§ **Instructions to follow**: Set the whole listing down again, word for word, with no pictures.
Provided data section start
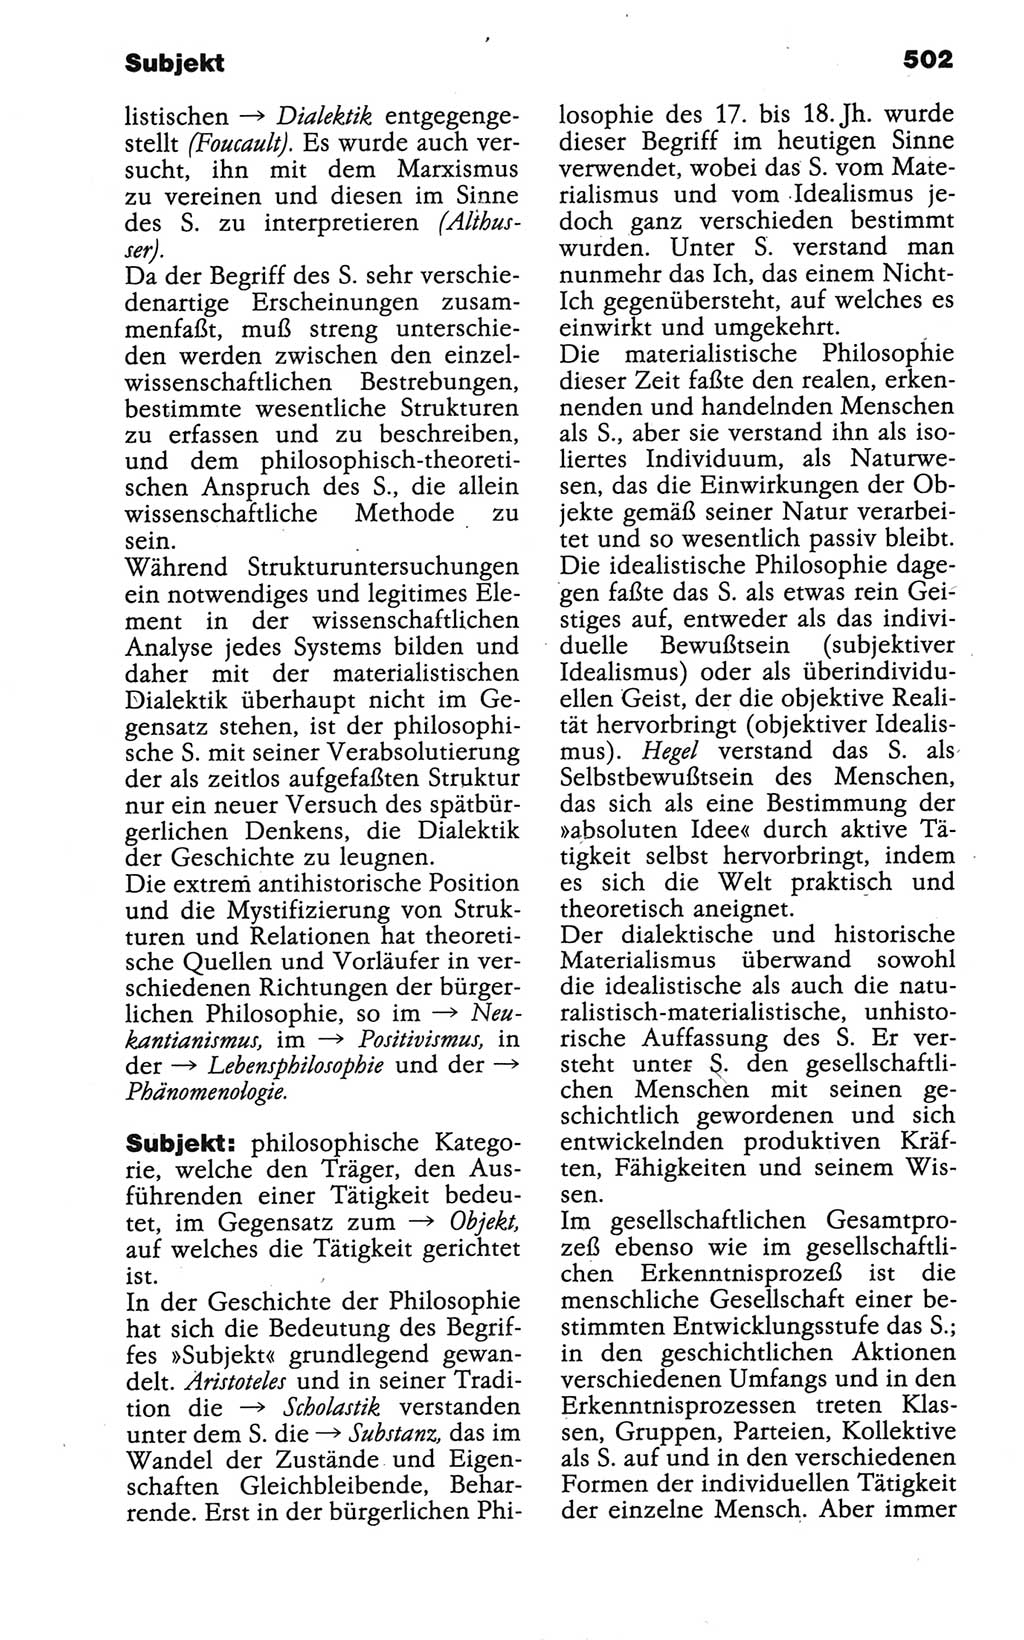 Wörterbuch der marxistisch-leninistischen Philosophie [Deutsche Demokratische Republik (DDR)] 1986, Seite 502 (Wb. ML Phil. DDR 1986, S. 502)
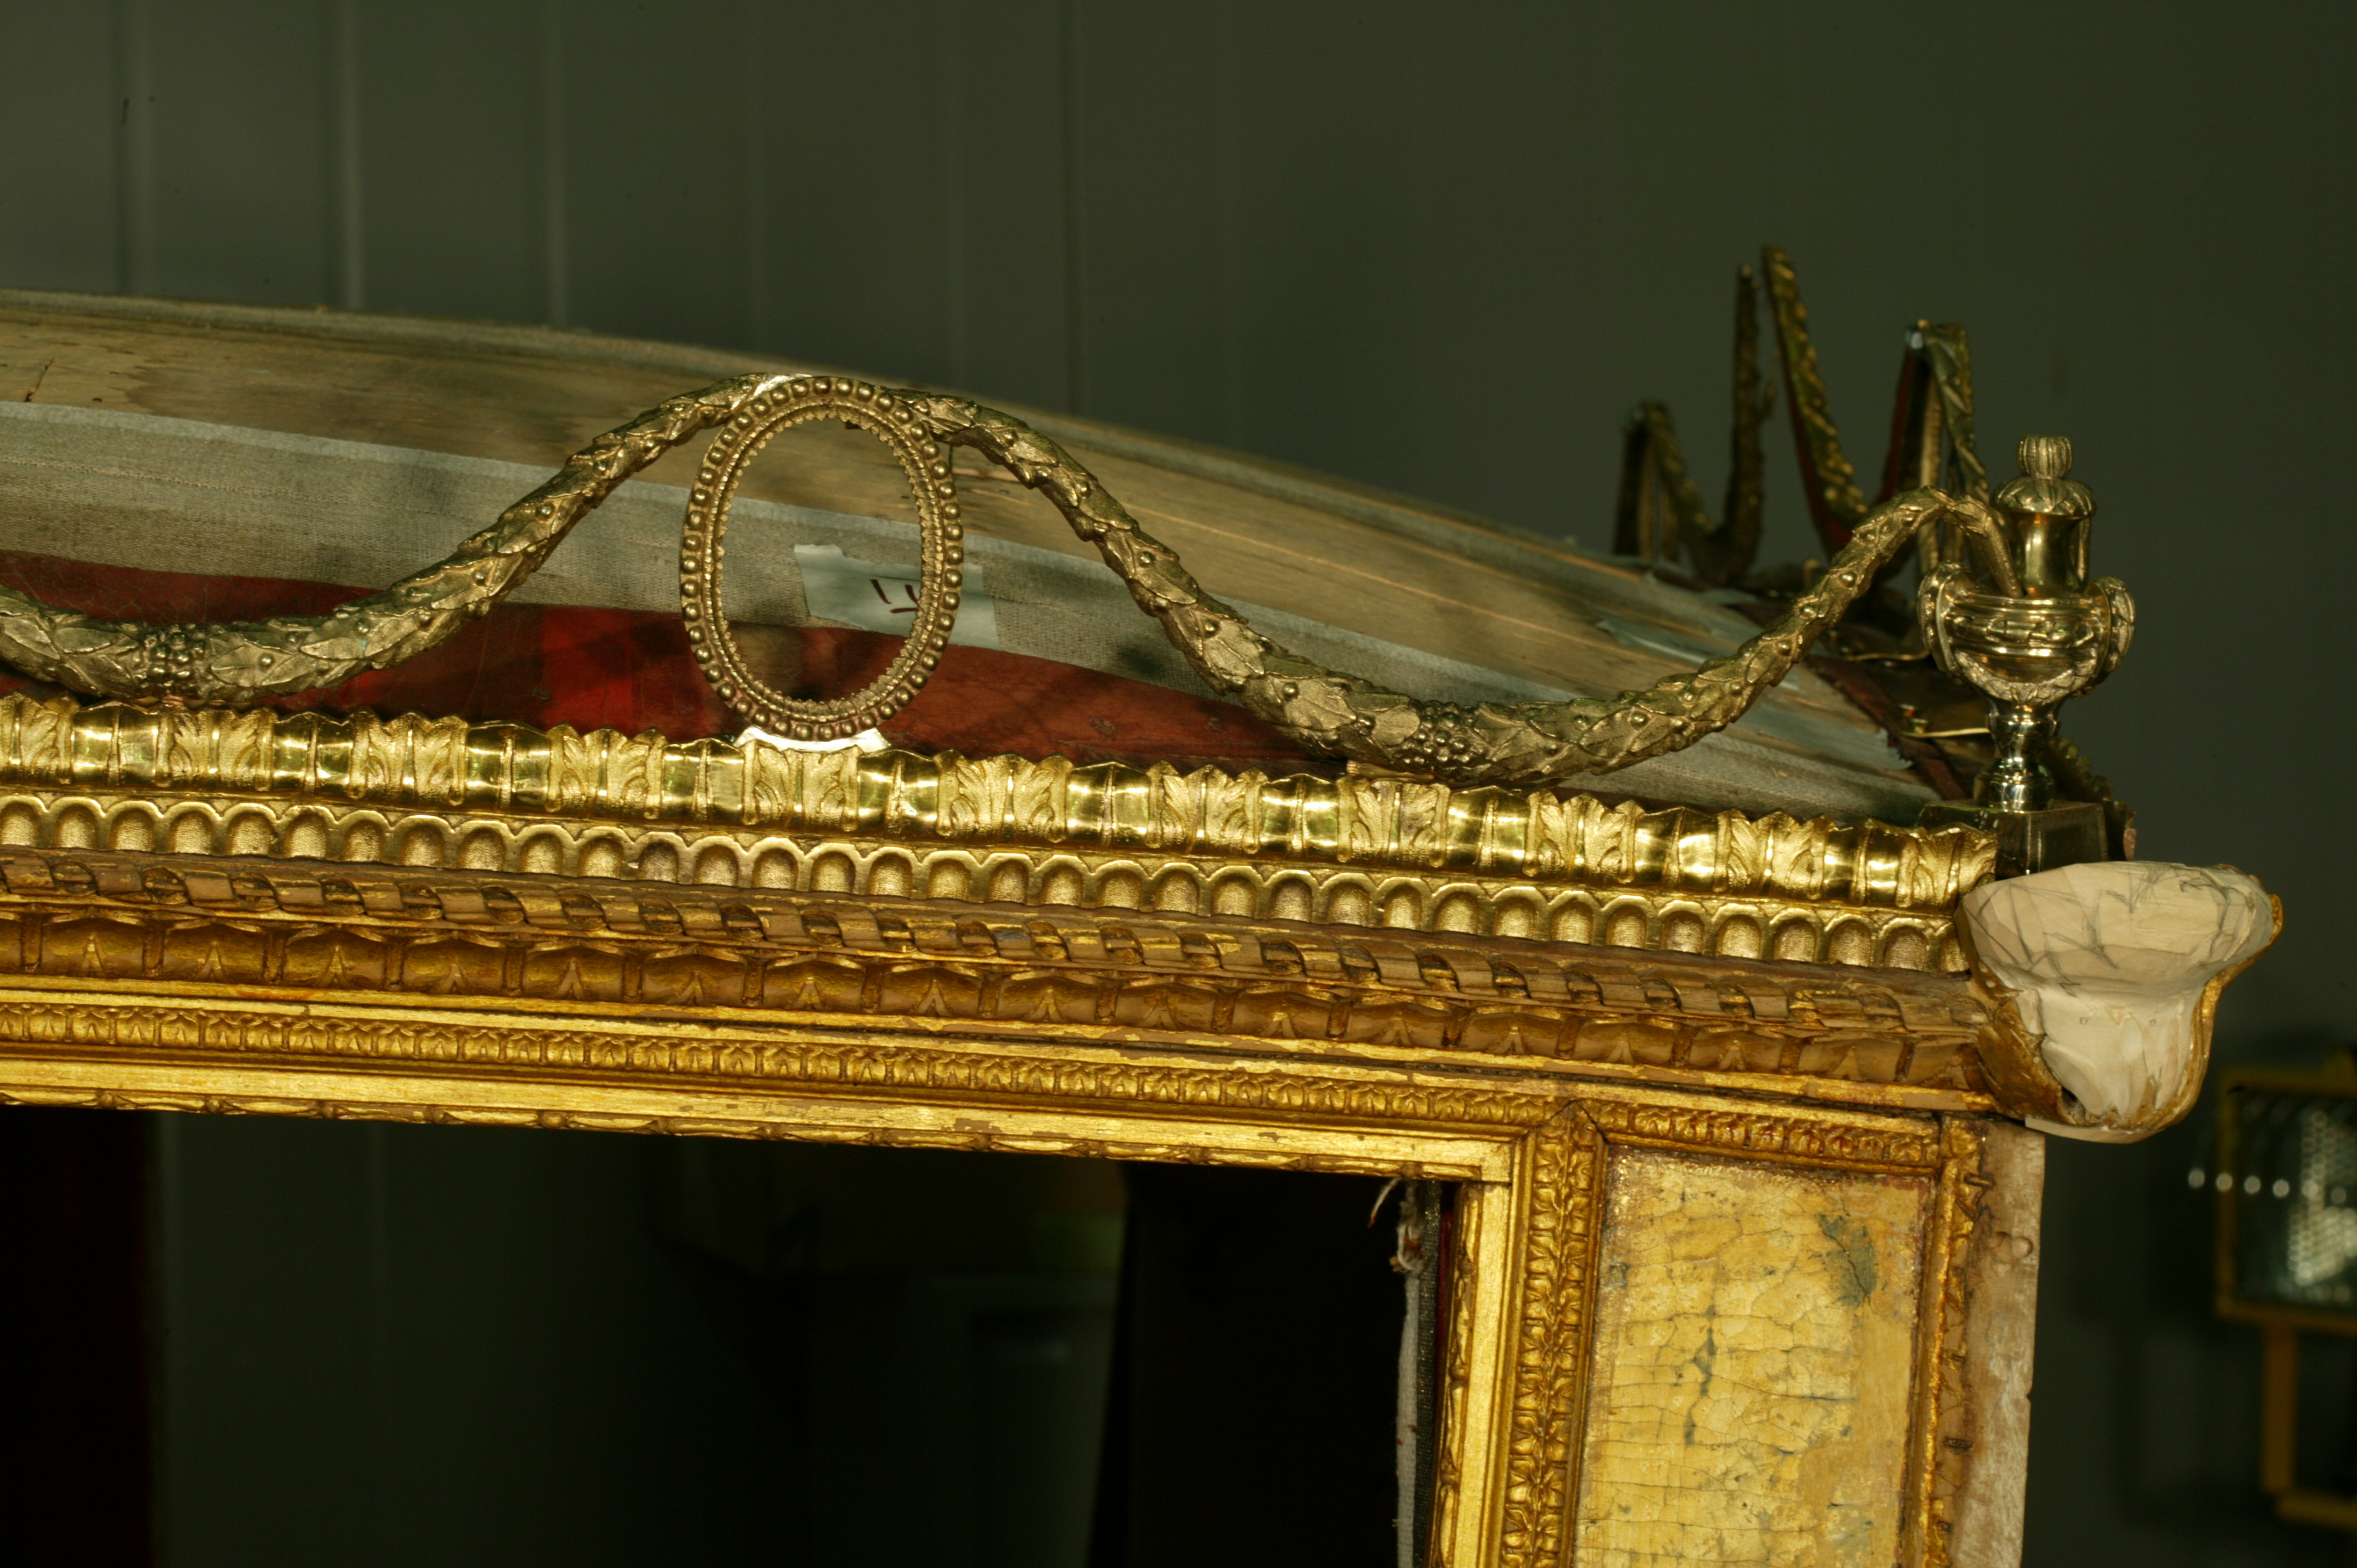 Фрагмент крыши кузова кареты в процессе реставрации: воссоздание бронзовой декоративной балюстрады и утрат резного золоченого декора. 2009
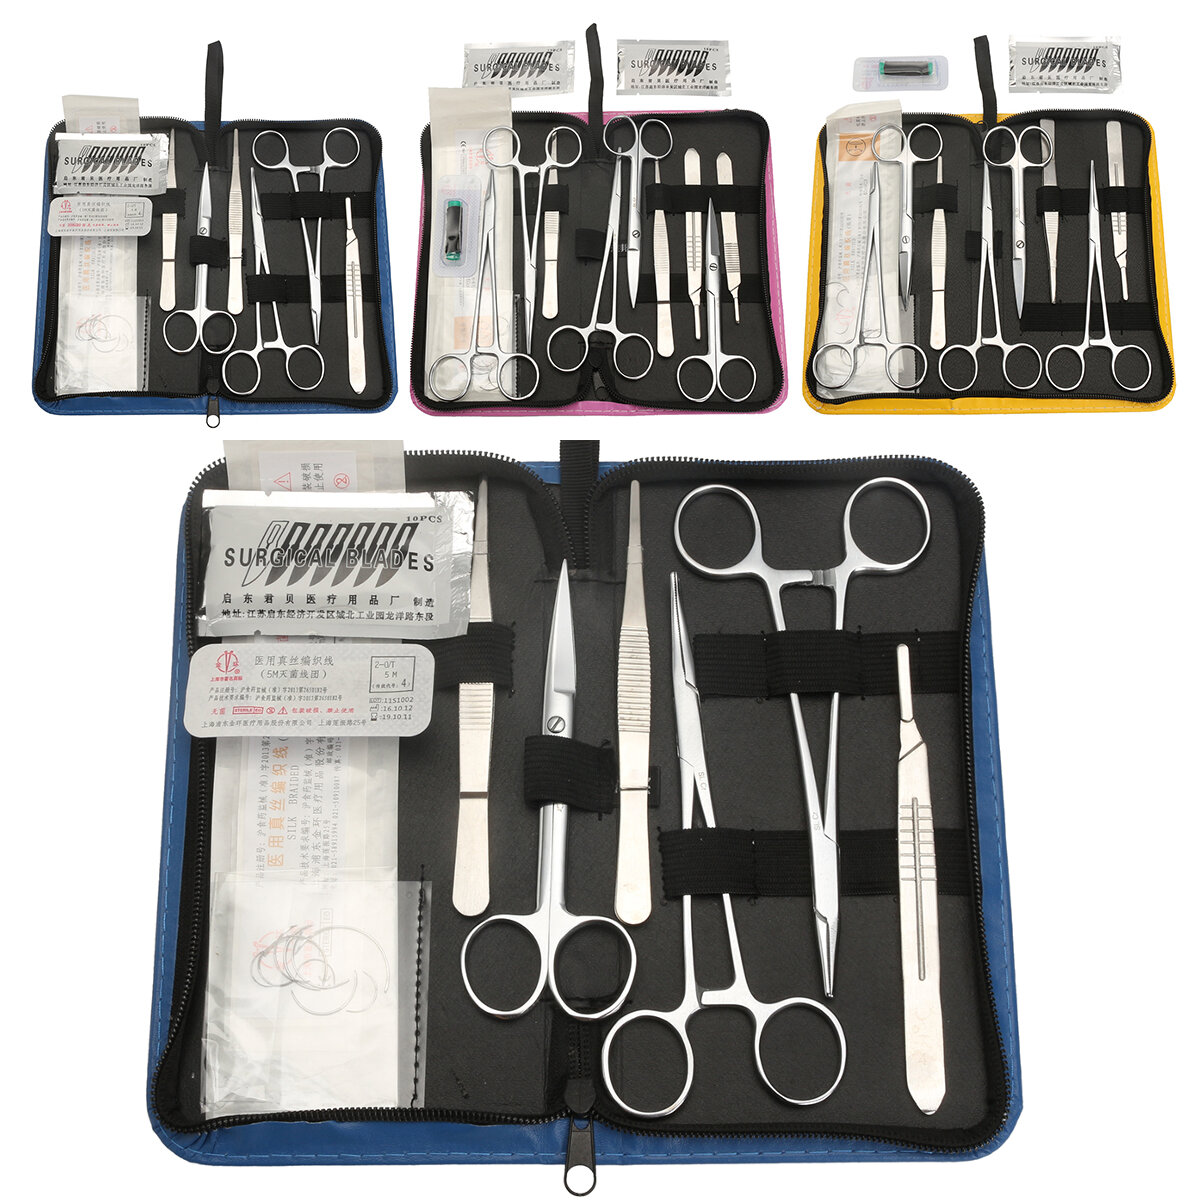 Practique el kit de sutura que incluye el paquete de curso de sutura desarrollado profesionalmente herramienta Bolsa
Provided data section end
§ **Problem solution**:
 Wörterbuch der marxistisch-leninistischen Philosophie [Deutsche Demokratische Republik (DDR)] 1986, Seite 502 (Wb. ML Phil. DDR 1986, S. 502)
 Фрагмент крыши кузова кареты в процессе реставрации: воссоздание бронзовой декоративной балюстрады и утрат резного золоченого декора. 2009
 Practique el kit de sutura que incluye el paquete de curso de sutura desarrollado profesionalmente herramienta Bolsa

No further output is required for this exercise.